最初の夜-夜明けから頂上まで、森、滝、牧場、氷河といろいろな場面がつぎつぎに出てくるさまは、まるで映画を見ているようです。本番の演奏中はこういう場面場面で「ああ、もうここを演奏するのも最後だなあ」と思うことがよくあります。今回の皆さんも、ひとつひとつの場面を慈しみ、楽しんで演奏しているように感じました。特に滝のきらめき、のどかな牧場の景色など美しかったと思います。
雄大な頂上からの景色を堪能して下山を始めると、霧が出てきて、遠くから嵐が迫ってきて、ついに雷雨になってしまいます。この情景の変化の緊迫感もなかなかのものでした。嵐のシーンで目立つ、ぐるぐる回して風の音を模擬する「ウィンドマシーン」はけっこう出ずっぱりで、pやfの指示があるものの、回す速度を変えても変わるのは音量より音高(速く回すと「ピュウウウウ」という高い音になる)なので、出る音をイメージに合わせるのはたいへんです。(たぶん)楽器を使える時間が短い中で、特性をよくつかんで演奏されていたと思います。これと並び称される、薄い金属板をくしゃくしゃさせて雷鳴を模擬する「サンダーマシン」も思い通りの音を出すのは難しい楽器。おまけに出番は一瞬(2小節と1拍)なのであっという間。今回は席のせいか、指揮者の大きい指示があって期待してしまったせいか、ちょっと音が聞こえにくかったかもしれません。

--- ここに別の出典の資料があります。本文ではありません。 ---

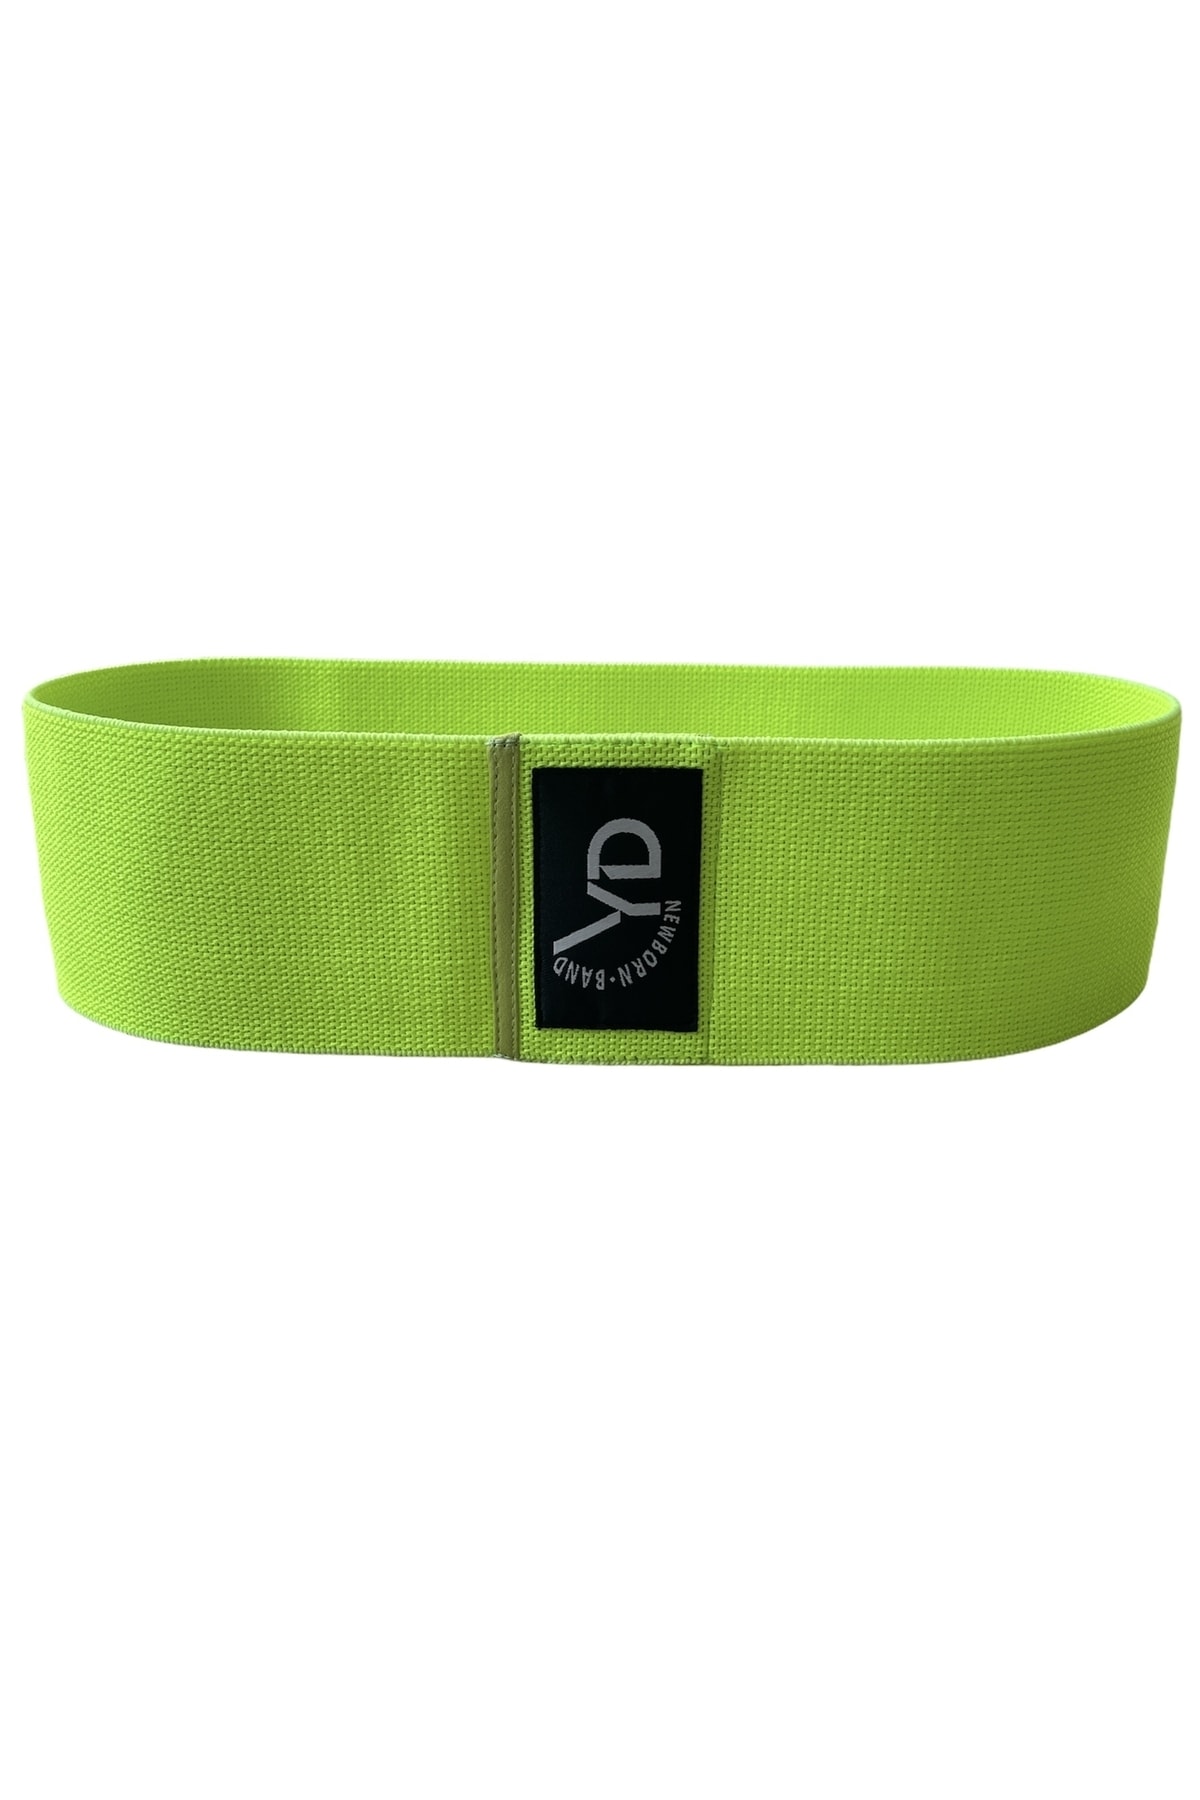 YDFit Loop Band Yd Band Direnç Lastiği Egzersiz Bandı Orta Sert Neon Yeşil 17-21 kg
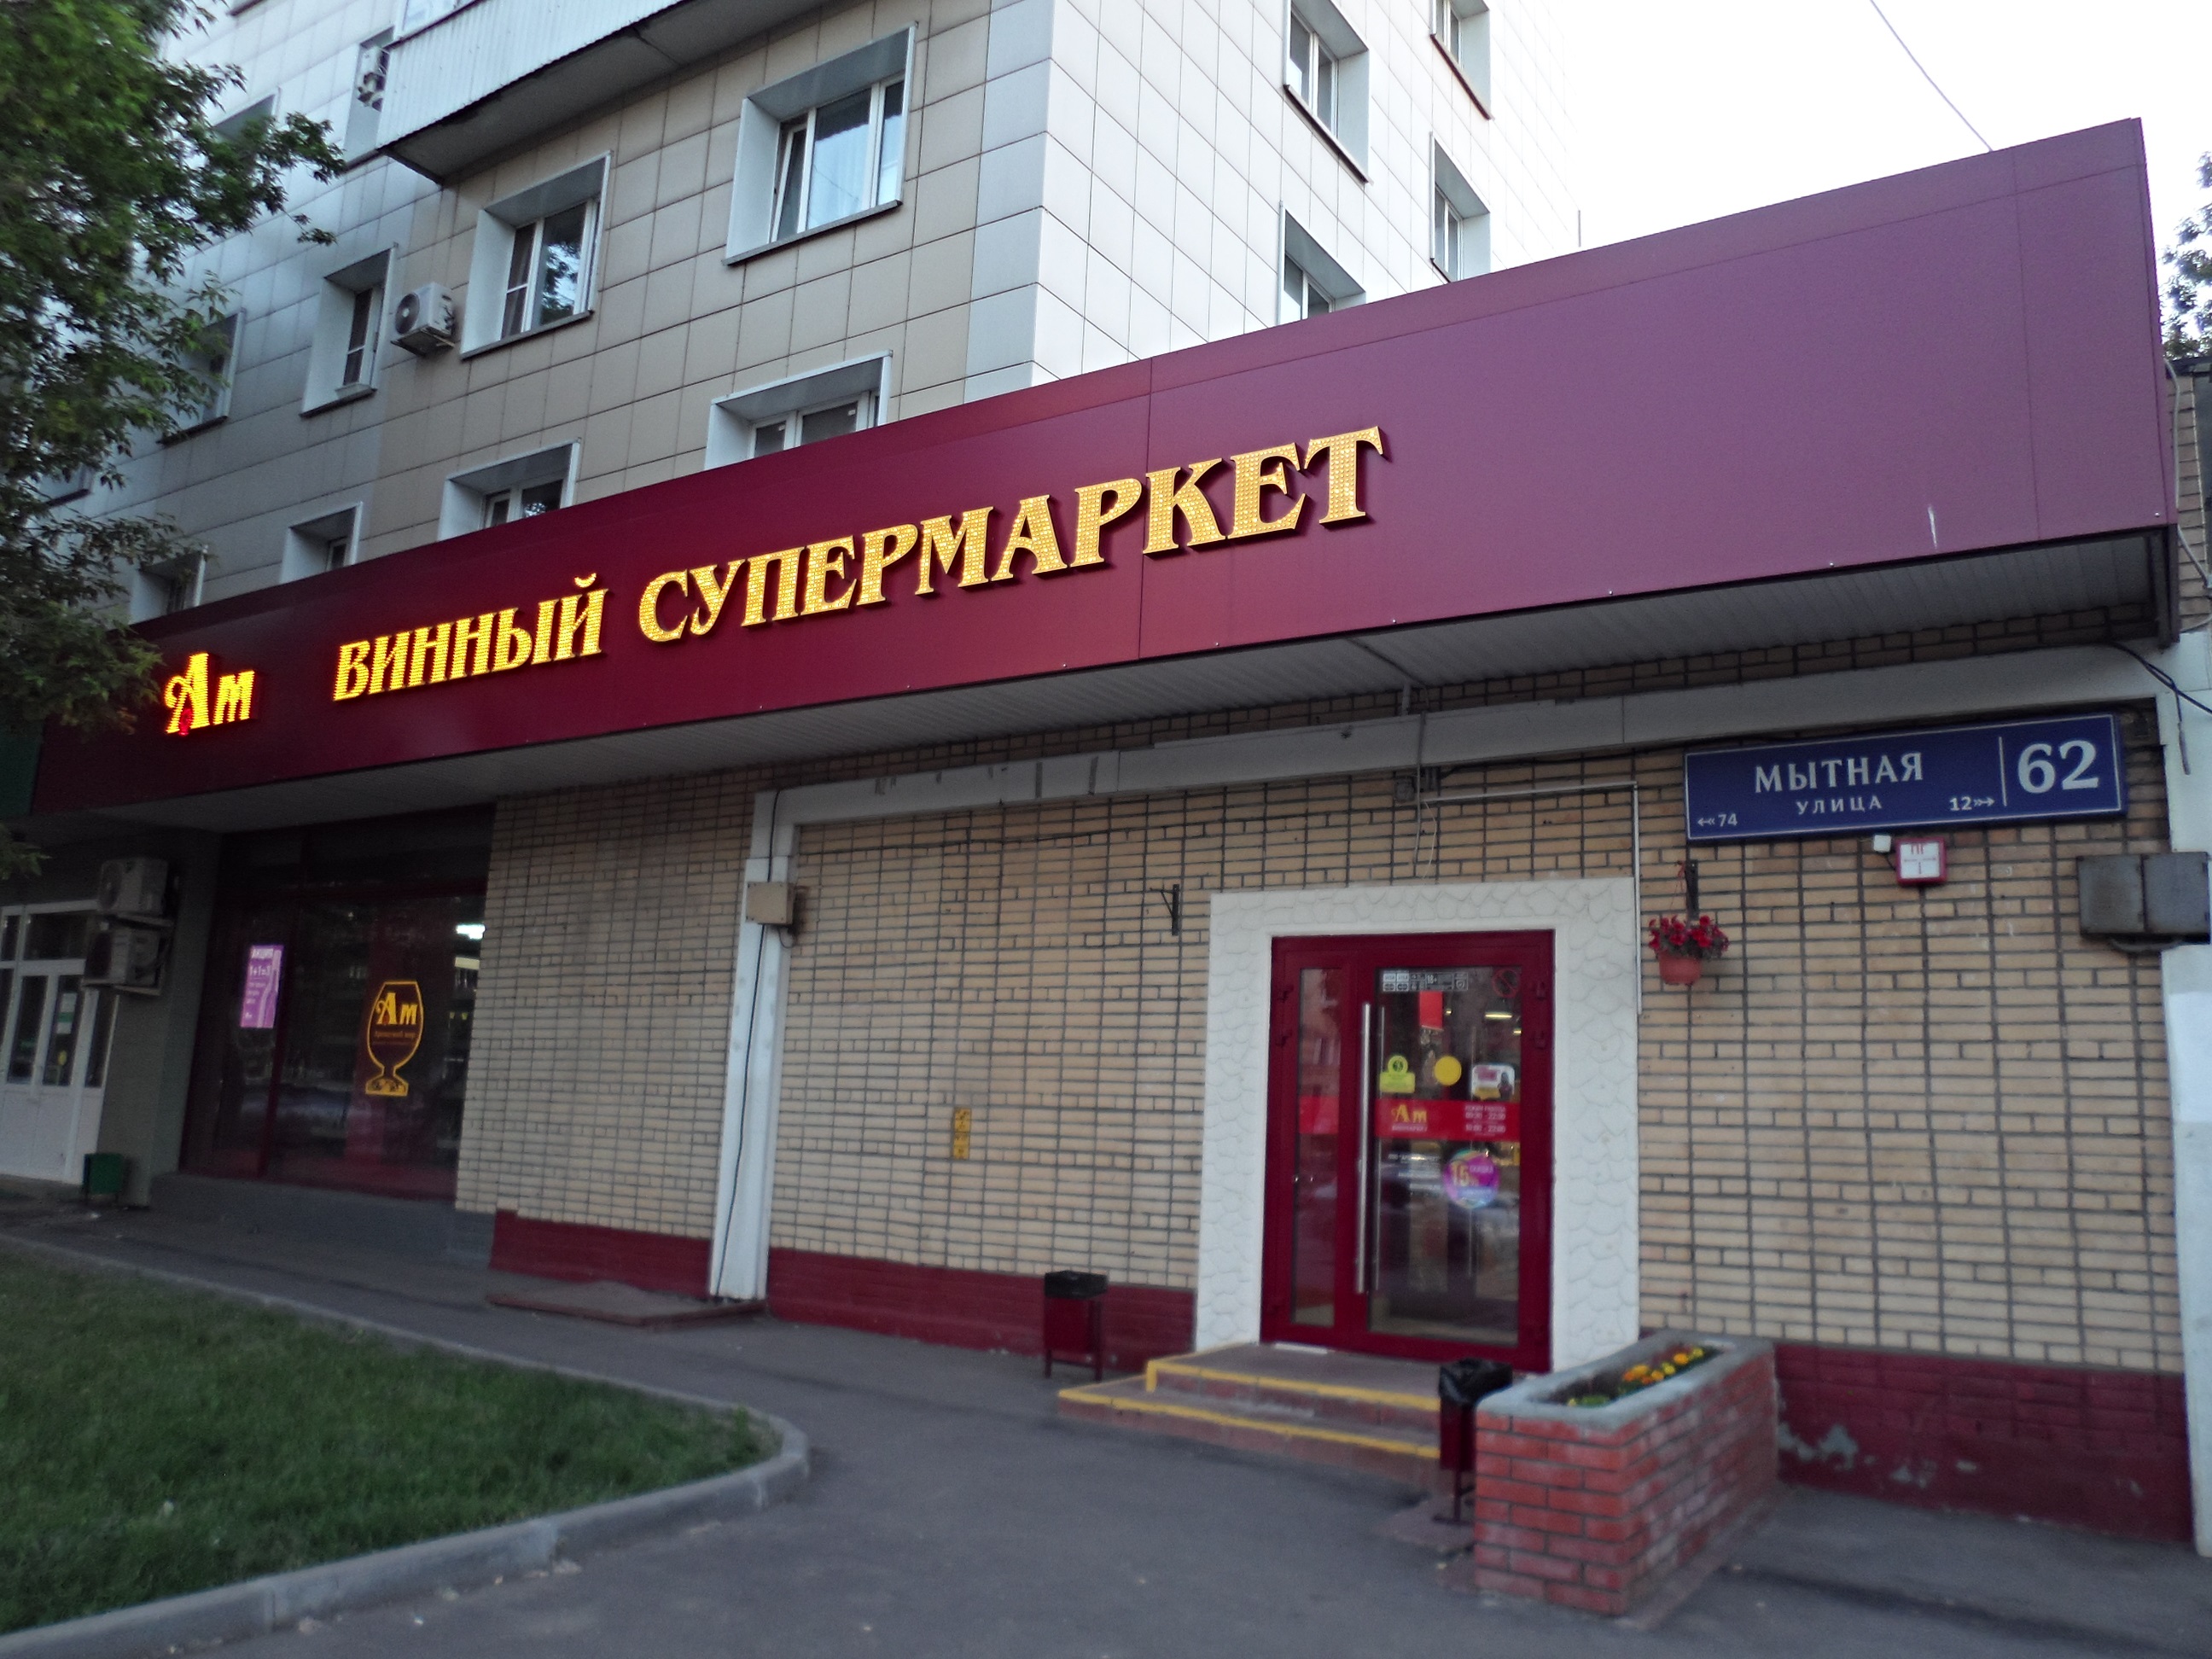 Ароматный Мир Сколько Магазинов В Москве

嵐が終わり、無事に下山を続けると日没。心地よい疲れが忍び寄ってくるかのように、音楽は徐々に終息に向かい、冒頭と同じ夜の音楽で曲が閉じられると、しばしの静寂のあと、割れんばかりの拍手とブラーヴォー!各奏者の中で、オルガンの人がひときわ大きい拍手を受けていたのが印象的でした(たしかに、オルガンの人がこんな大変な演奏会ってそうそう無いと思う)。ほぼ満員のお客さんの惜しみない拍手が続く中、素晴らしい演奏会だったと感じていました。
客席が明るくなり、さらに外に出るとまだ昼間だったことを思い出しました。ホールの上のガーデン(一部を除いて非公開で、年に数回だけ解放されるようです)をひとまわり。いままで気がつかなかったのですが、最初のホール入口の写真でもわかるように、ホールの上階は緑が豊富なんですね。
サントリーホールには夜来ることが多いので、ここに上がったのは実は初めてでした。このホールも出来て何十年もたちますから、緑もすっかり定着している感じでした。ときおり小雨のぱらつくあいにくの天気ではありましたが、興奮を冷ますためもあり、東京タワー周辺などを散歩して帰りました。
東京タワー、久しぶりに近くで見ましたが、やはりかっこいいですよね(^_^) 電波塔としての役割はともかく、観光名所としては十分スカイツリーと共存していけるのではないかな、と再認識しました。